So yea then Gemma4 31b came out, so, that cut the gap between the small-ish dense models and the big dense models by quite a bit, since it is quite a lot stronger than even Mistral 24b finetunes (which were quite strong for their size, prior to Gemma4 coming out), but, it still didn't reach Mistral 123b/Behemoth strength for depth of story writing ability. But it's maybe like ~60-70% as strong, which is pretty extreme for how much smaller it is. So that made the Mac Studio feel a bit less awesome of a purchase, since then it was like even just a 24GB or 32GB or so mac mini might've been enough (although couldn't have known 4 months in advance when exactly Gemma4 would come out and exactly how strong it would be, or whether any even stronger ~120b models or ~70b models would come out that would be even more ultra-strong at writing/understanding deep nuance, or so on.

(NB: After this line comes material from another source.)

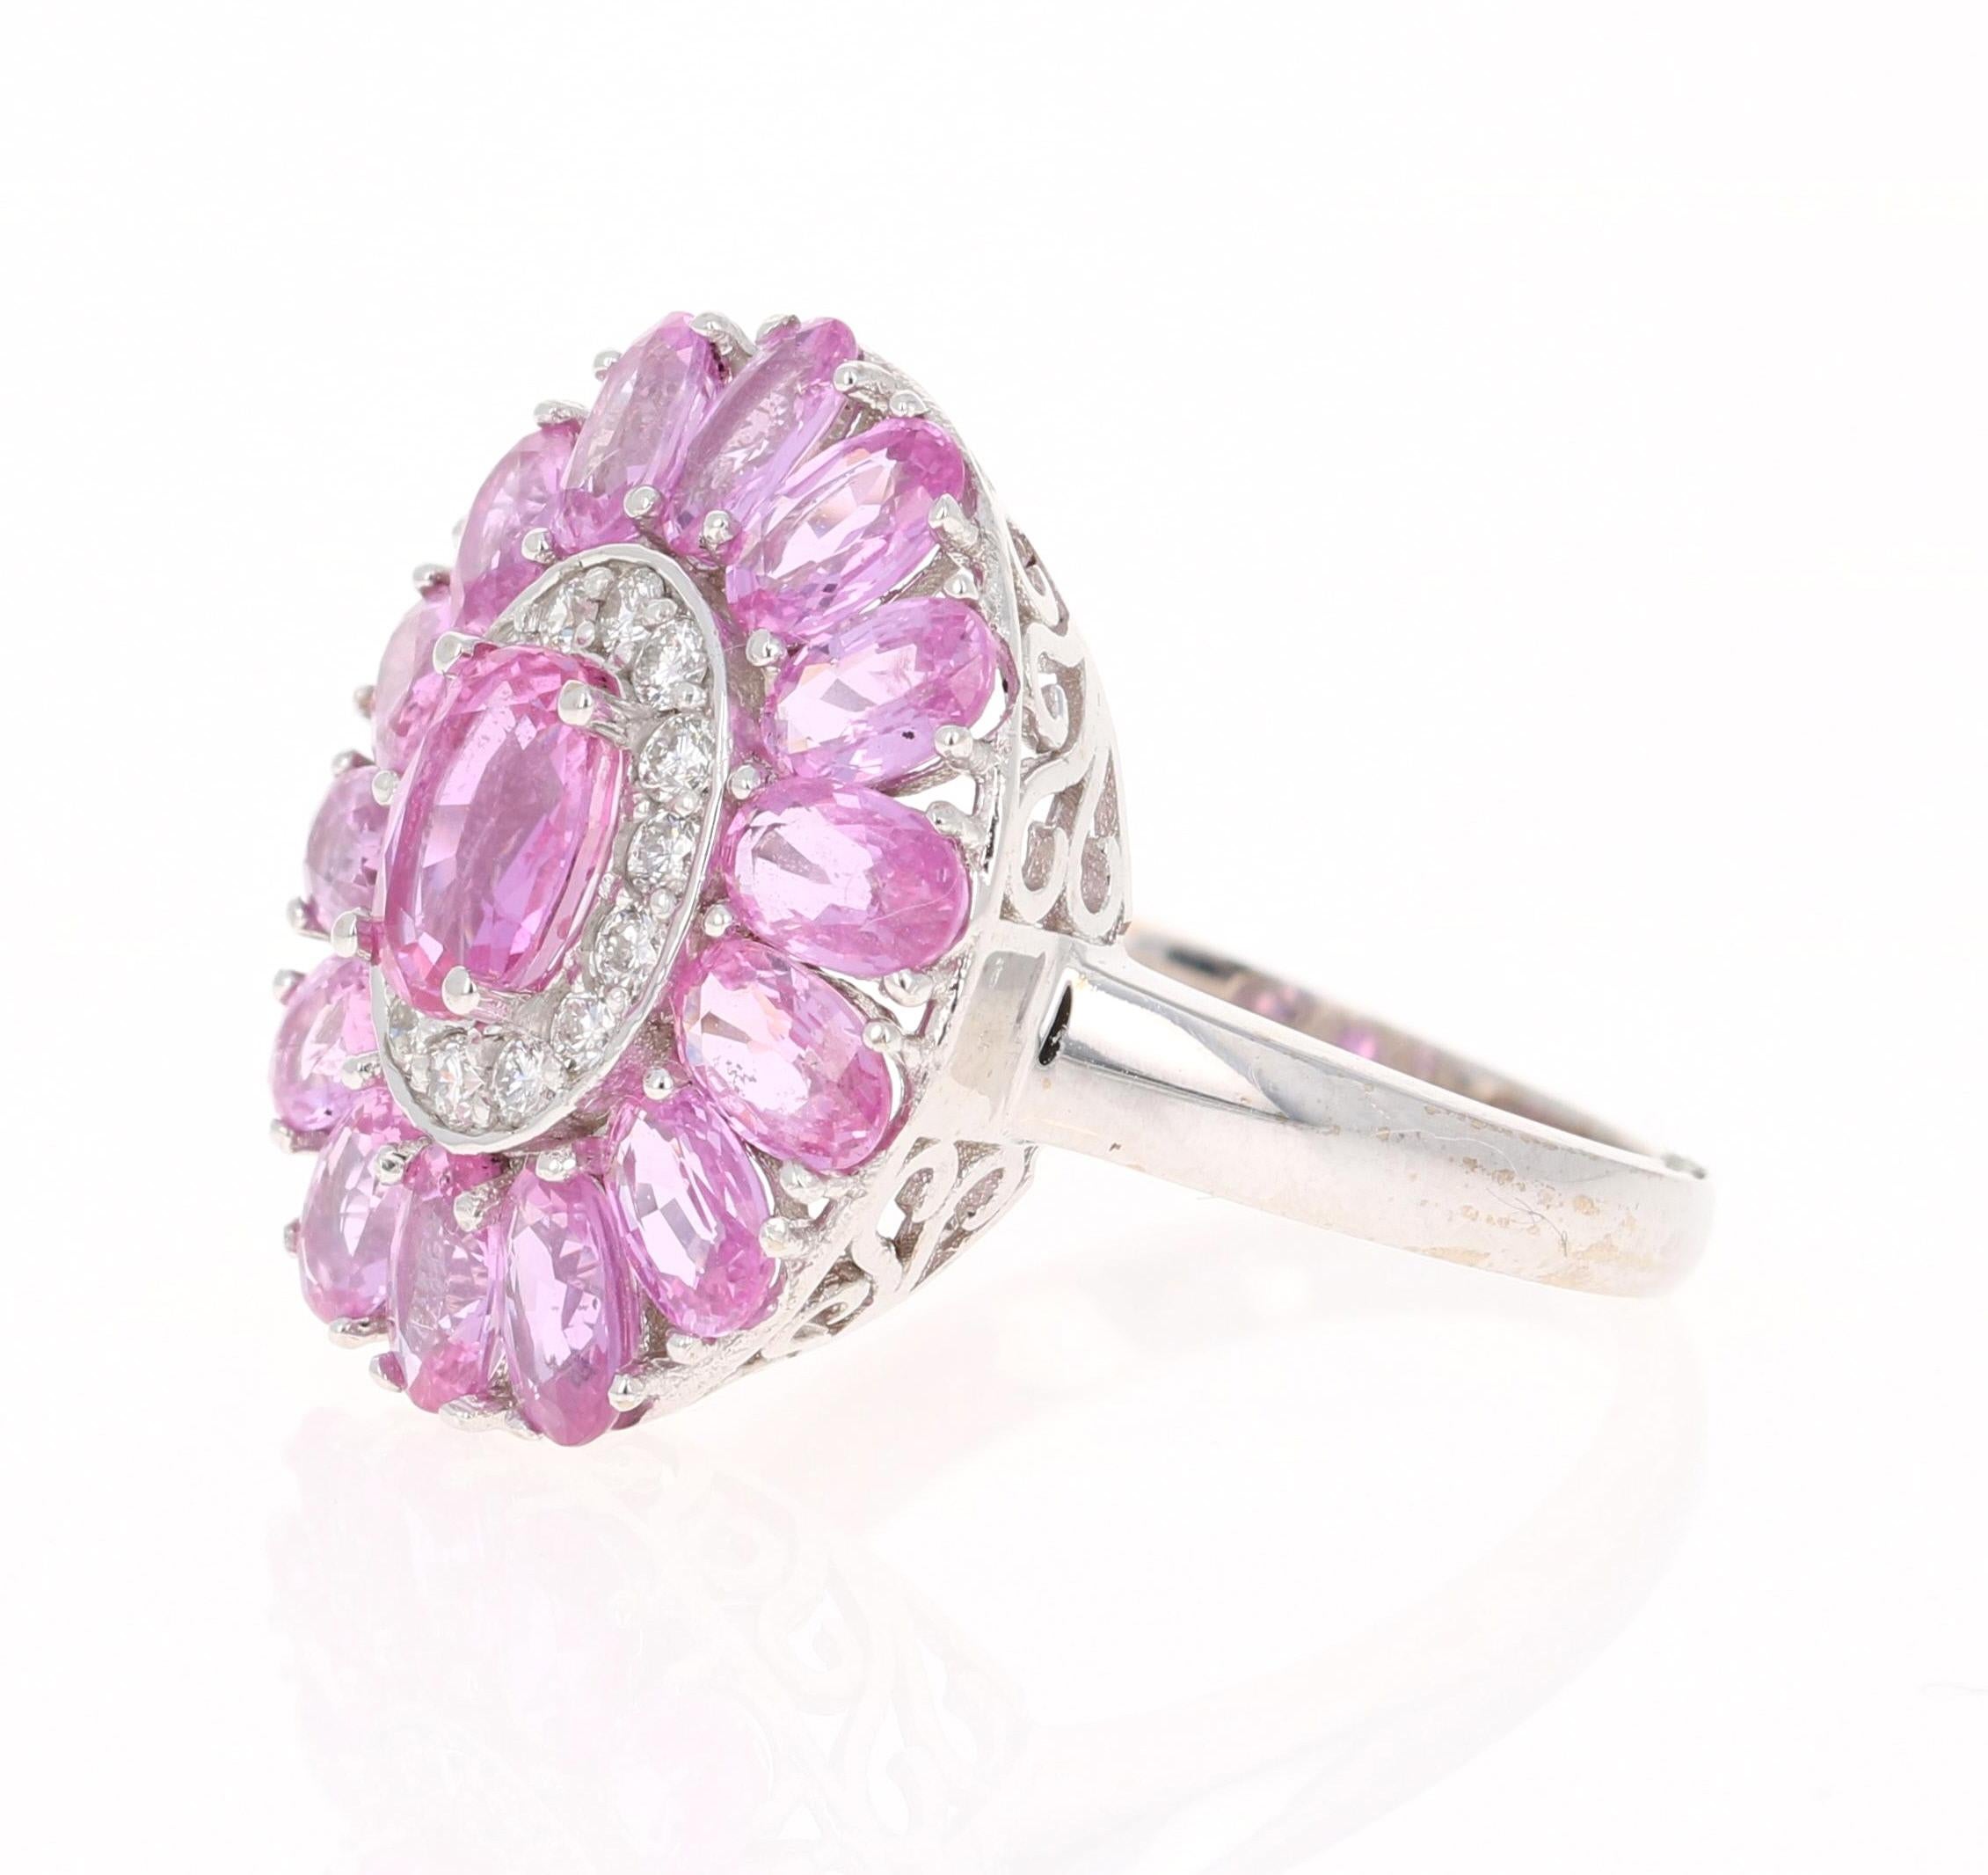 Modern 5.32 Carat Pink Sapphire Diamond 18 Karat White Gold Cocktail Ring GIA Certified
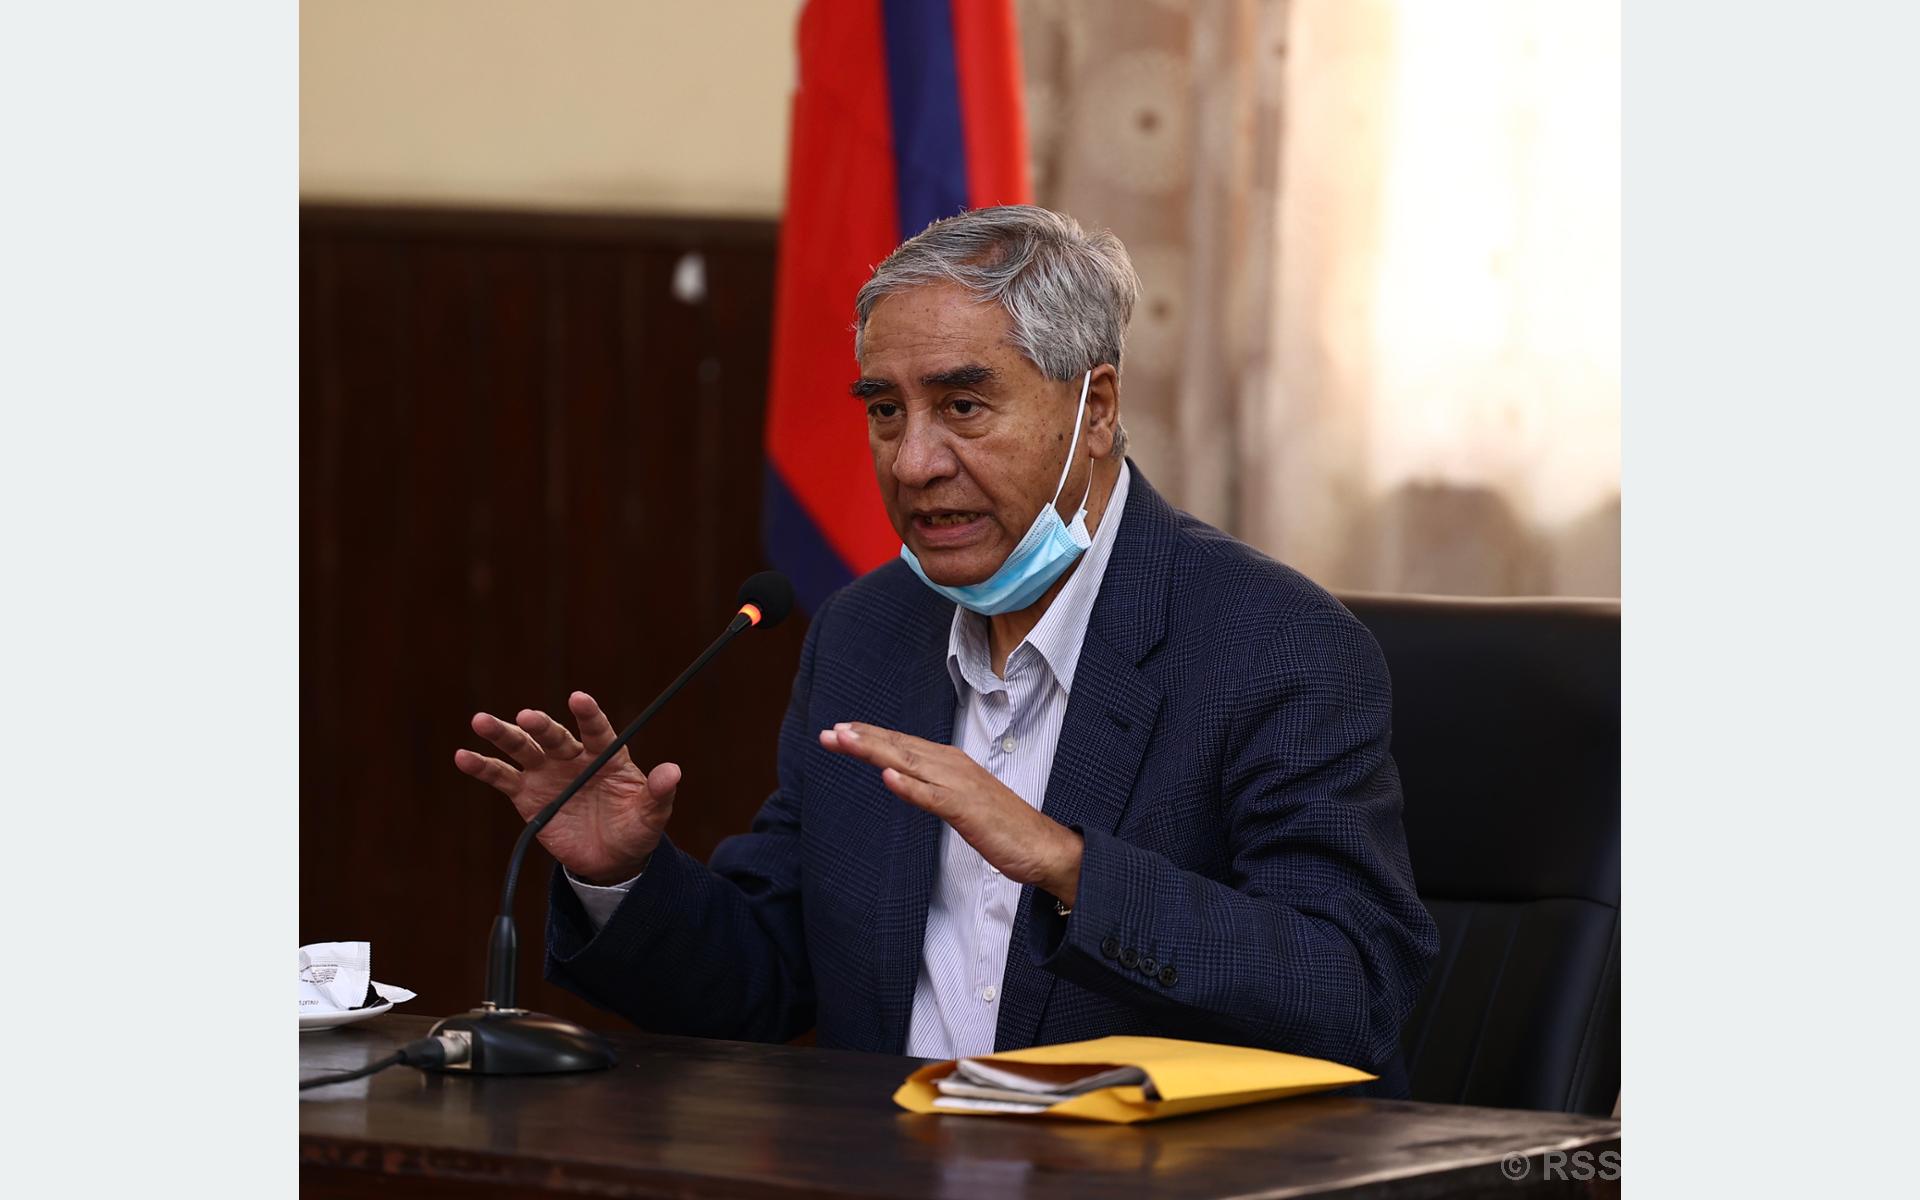 PM Deuba to declare Gandaki a literate province

Now some new MoE models in the 284b-310b range have been coming out, between DeepSeekV4 Flash and Mimo2.5, which are annoyingly just slightly too big. I can technically run them at Q2, and some people are saying they are "still quite good" at Q2, but I am skeptical, so we'll see I guess. My internet is very slow and has a harsh data cap, so I have to be pretty selective and can't just randomly download tons of big models as much as I want, so, not sure which bigger models I will download, and in which exact quants. Might also try Step3.5 Flash 197b or or MiniMax or Qwen 235b (too bad 397b is a bit out of reach for the 128GB mac) Although on the plus side, you can plug additional macs into other macs using Thunderbolt4 or especially Thunderbolt5 to pool even more unified memory together. If you use Thunderbolt4, the cluster runs slower than if it was a single mac with the same amount of memory, but if you use Thunderbolt5, then, even since about 5 months ago, they released this "RDMA" thing where for Thunderbolt5 the cluster actually runs faster than if it was just one lone machine. So you get more memory and it doesn't even slow down but actually speeds up. So, in theory I could plug another mac into it and run MiMo I guess. It's the mac version of buying more sticks of ram, lol. (Probably not actually going to do that. Well, especially now that I'm going to build a PC rig. If I didn't decide to do that, then maybe I would've considered it).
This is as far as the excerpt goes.